**WHAT IS BEING ASKED:**
Your task is to give the listing below back word for word, pictures excluded.

**INFORMATION PROVIDED:**
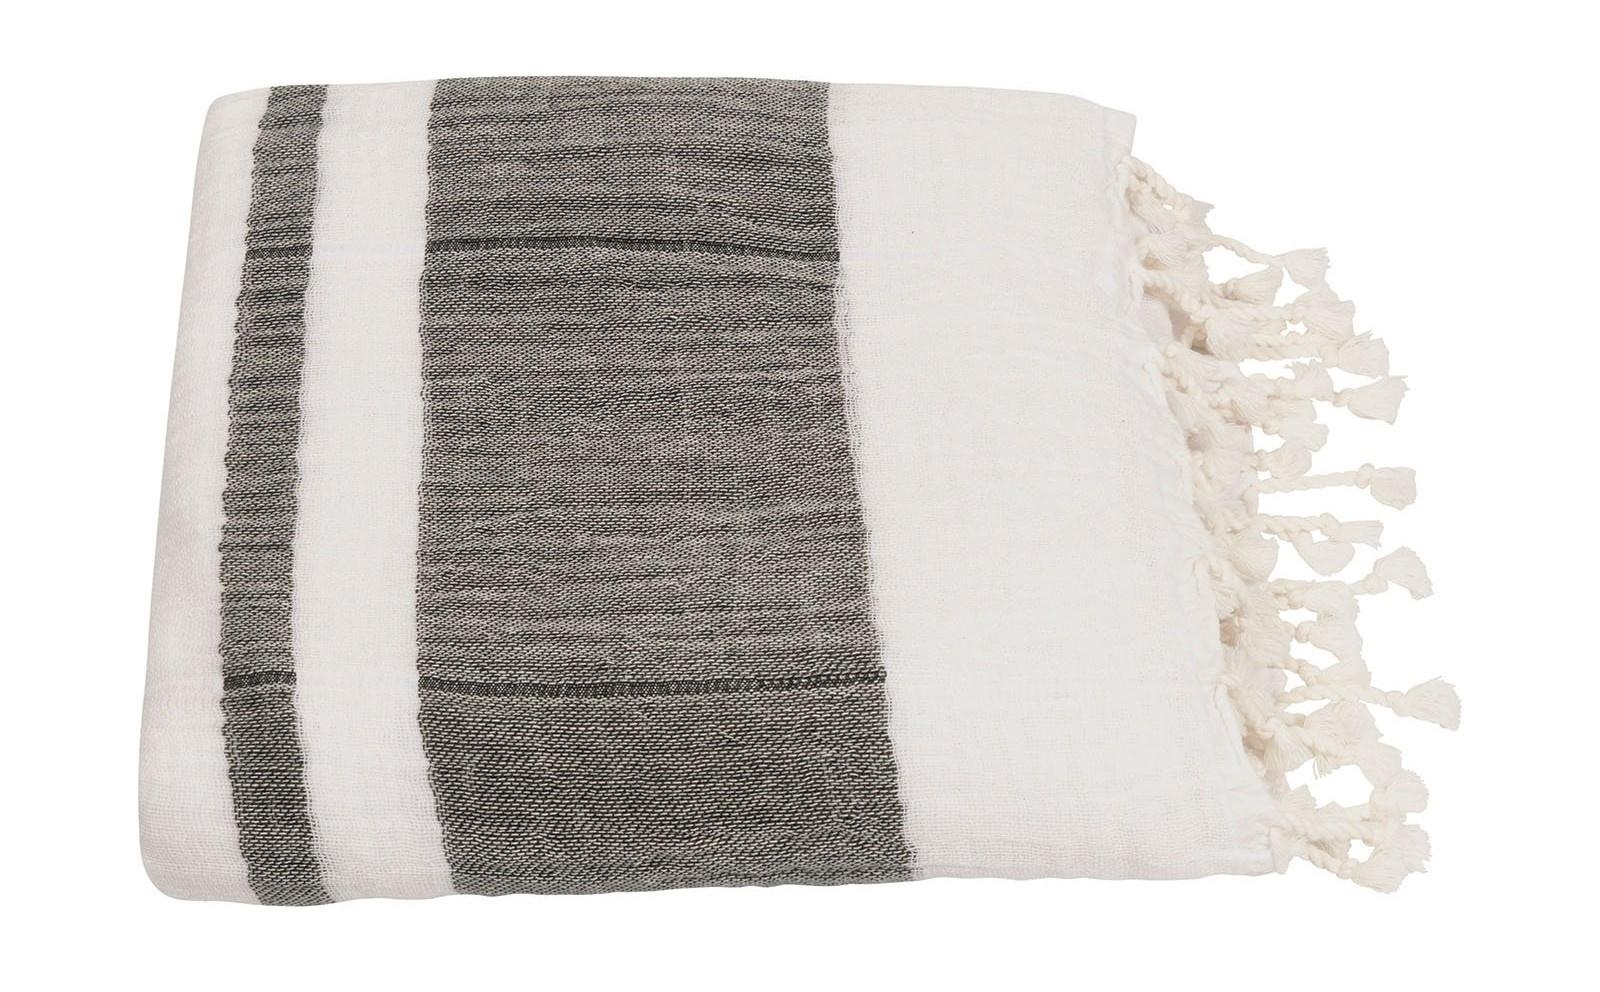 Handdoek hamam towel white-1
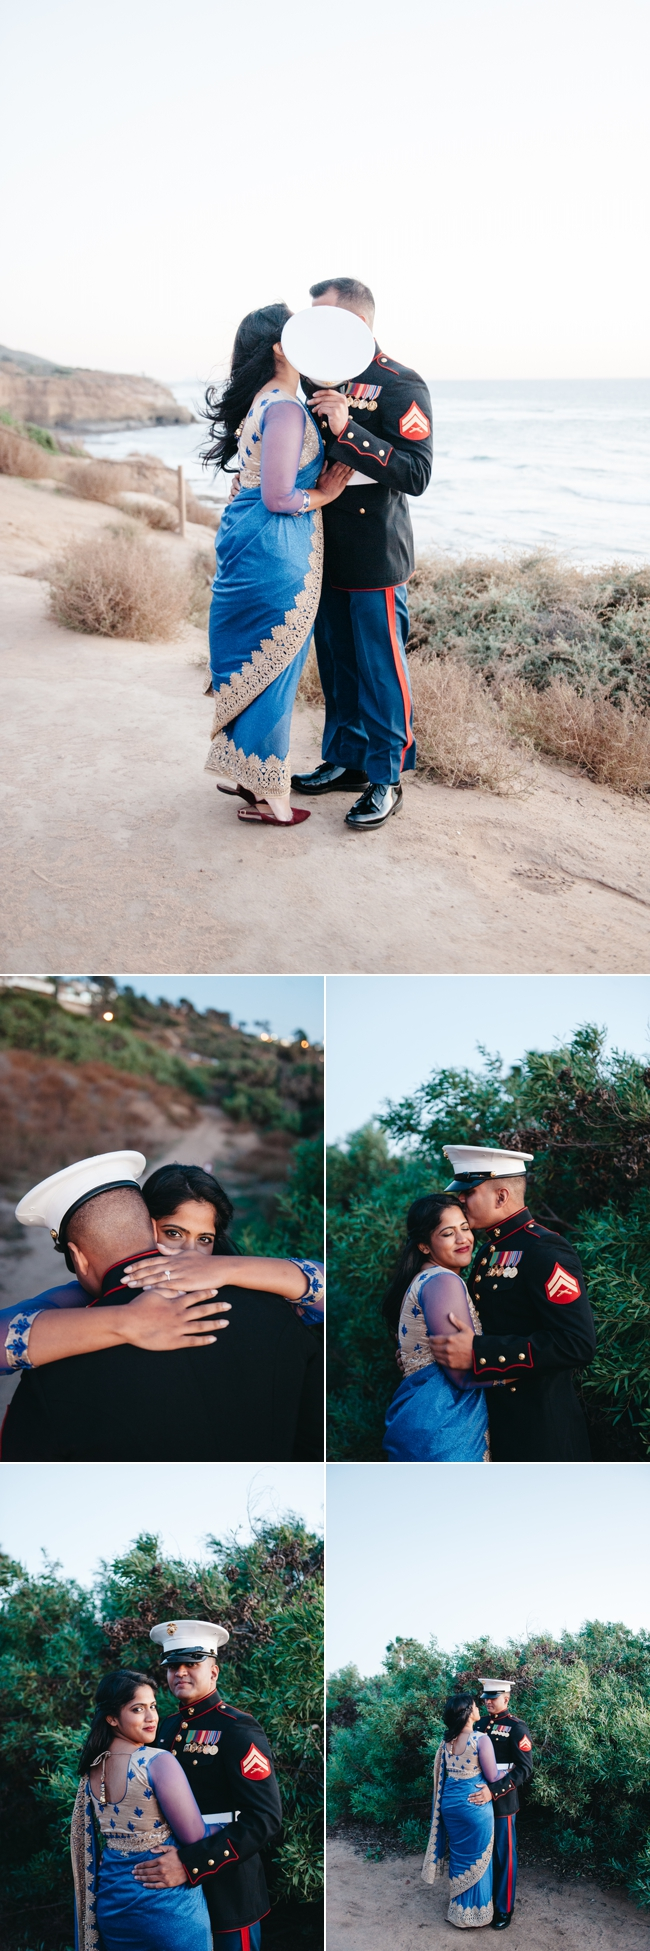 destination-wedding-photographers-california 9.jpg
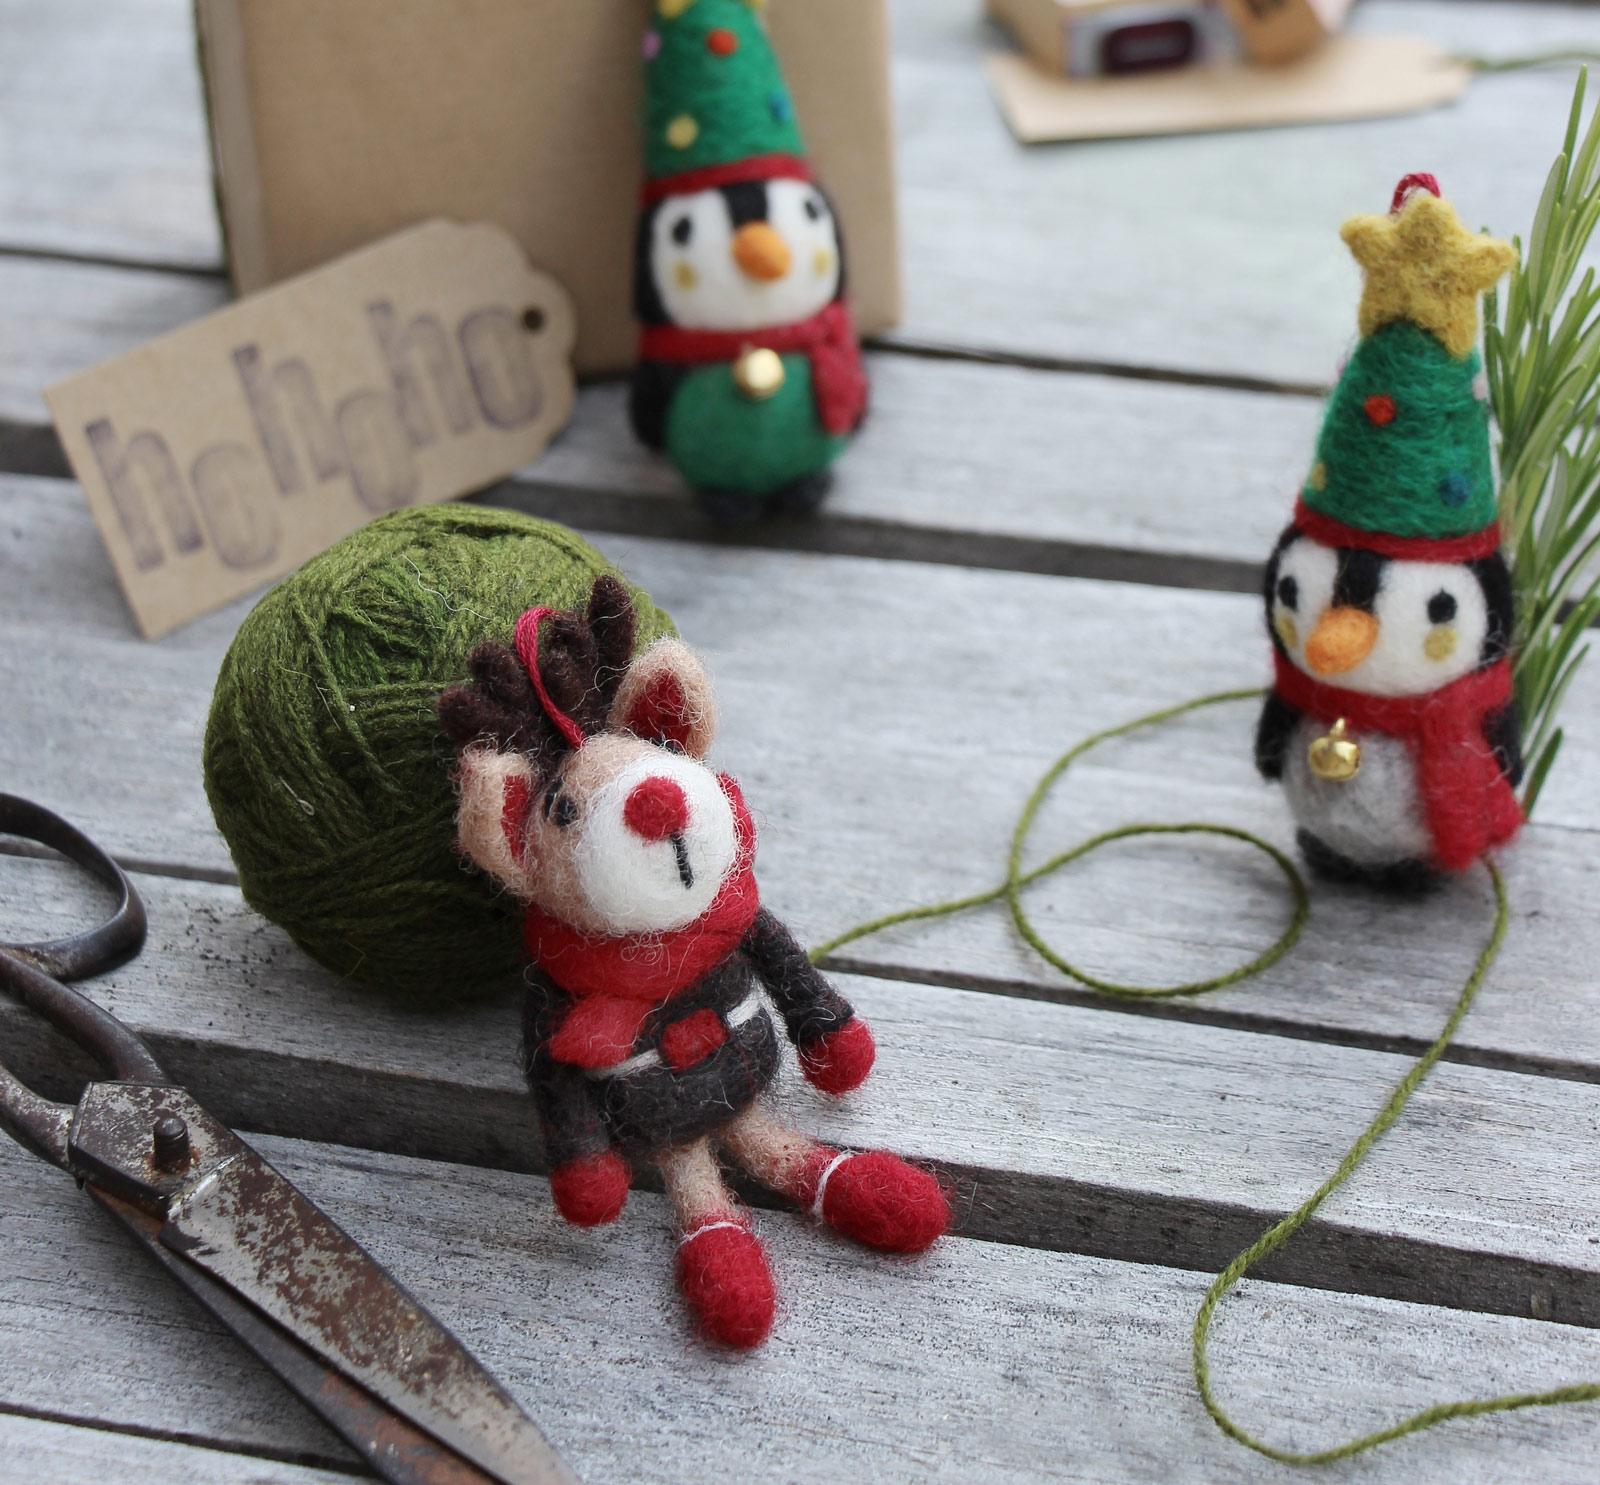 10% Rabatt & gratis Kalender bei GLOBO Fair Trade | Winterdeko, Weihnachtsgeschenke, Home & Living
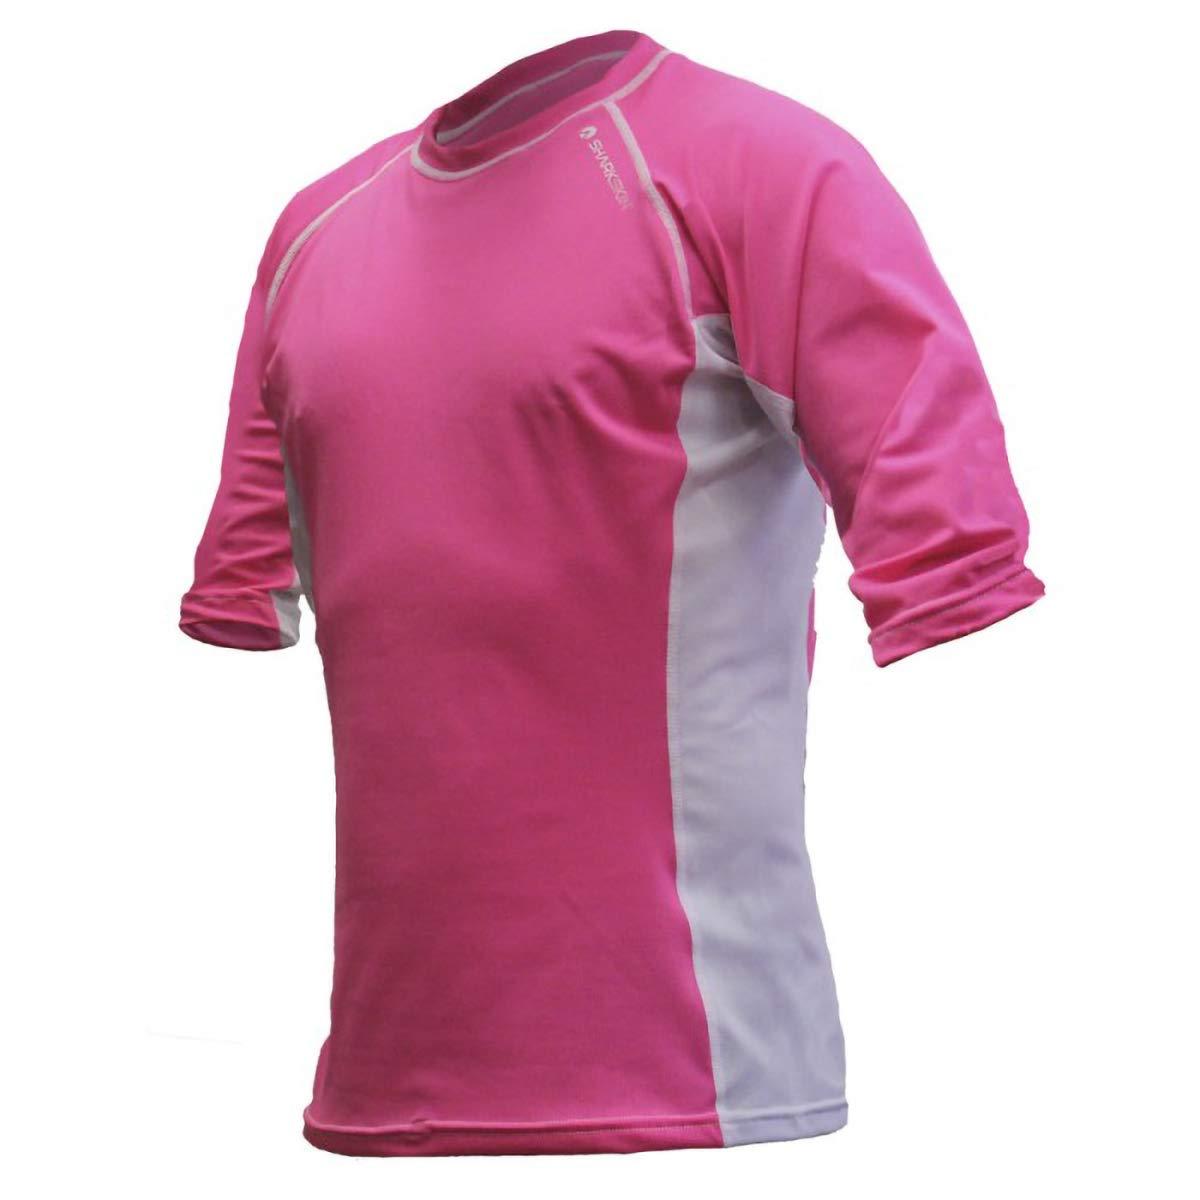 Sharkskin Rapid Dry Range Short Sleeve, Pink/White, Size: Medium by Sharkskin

**TASK OUTPUT:**
 Handdoek hamam towel white-1
 destination-wedding-photographers-california 9.jpg
 10% Rabatt & gratis Kalender bei GLOBO Fair Trade | Winterdeko, Weihnachtsgeschenke, Home & Living
 Sharkskin Rapid Dry Range Short Sleeve, Pink/White, Size: Medium by Sharkskin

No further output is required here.